Волна свободомыслия предстала в Одесском университете в виде стенной газеты «Мысль». Эпиграфом к га-зете служило изреченье Декарта «когито эрго сум» («мыслю — значит существую»). Вышло два номера газеты, вызвавшие огромный интерес у студентов. Я приготовил статью в третий номер.
В газете обсуждались вопросы о джазе, Есенине (тогда мы впервые прочли его стихи), футуристах.
До нас дошли слухи, что было заседание партийного бюро факультета, на котором осудили газету за буржуазную идеологию. Одним из аргументов послужил злополучный эпиграф. «Почему не «Пролетарии всех стран, соединяйтесь!»? Почему идеалистический афоризм?»
Я встретился с секретарем комсомольского бюро факультета и взволнованно потребовал, чтобы тот объяснил, за что запретили газету. Секретарь сказал, что редакторы газеты — стиляги, что у них, кажется, были связи со спекулянтами. Увы, я удовлетворился таким объяснением. На старших курсах прошли комсомольские собрания, на которых редакторов газеты исключили из комсомола, а следовательно, и из университета.
Через несколько лет я прочел детективную повесть популярного в то время советского «детективщика» Ардаматского, в которой эта история пересказывалась. Статьи в газете были поданы в совершенно лживом свете. Ардаматский в повести связал редакторов газеты со спекулянтами, а спекулянтов с ворами и шпионами.
На третьем курсе меня избрали секретарем комсомольской организации курса. Но я не успел на этом посту почти ничего сделать.
У нас были шефы — рабочие одного из заводов. Не помню точно: может быть, мы были их шефами. Мы договорились, что будем проводить совместные культурные мероприятия. Они просили также, чтобы мы по-могли нескольким из них поступить в университет.
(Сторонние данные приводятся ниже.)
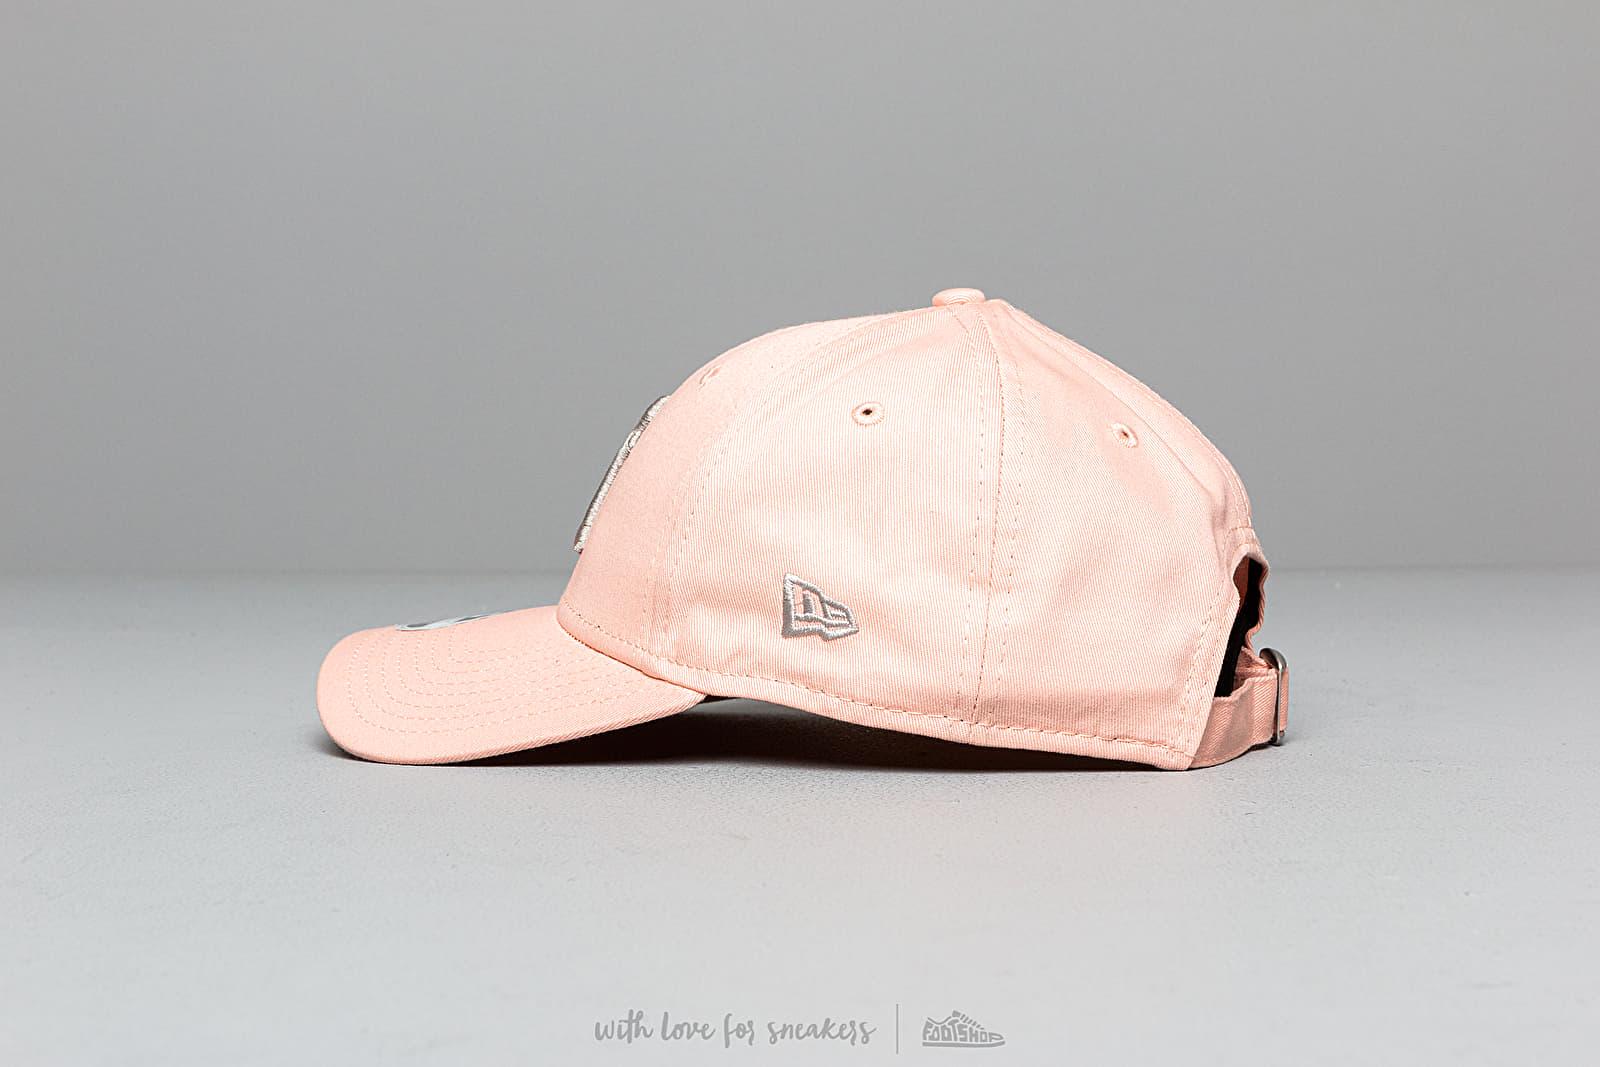 c2b58ec6 9forty mlb cap

Был конец учебного года, и единственное, что я выполнил, была подготовка одного рабочего на физико-математический факультет университета.
К 3-му курсу у меня появилось много интересных друзей неуниверситетского круга. Один из них был знатоком идеалистической философии разных направлений. Мне было очень интересно с ним спорить, но я всегда терпел поражения, т. к. он лучше меня знал даже ту единственную философию, с которой я был немного знаком, — марксистскую.
Приблизительно в это же время я подружился с дочерью моего бывшего школьного учителя логики — Сикорского. Он бросил школу, стал писателем, членом Союза писателей. Писал и пишет он бездарно. Взгляды его представляли смесь украинского национализма и официальной демагогии. Национализм — с ним я столкнулся впервые — меня шокировал (сейчас я понимаю, что кое-что он говорил справедливо). Официальная демагогия была еще более отталкивающей.
Но человек он был все же сравнительно умный, и поэтому спорил я с ним увлеченно.
Однажды я рассказал ему о моем друге-идеалисте и объяснил, что нам так плохо преподают философию, что мы не способны дискутировать с идеалистами. Я добавил, что нужно преподавать в институтах и идеалистическую философию.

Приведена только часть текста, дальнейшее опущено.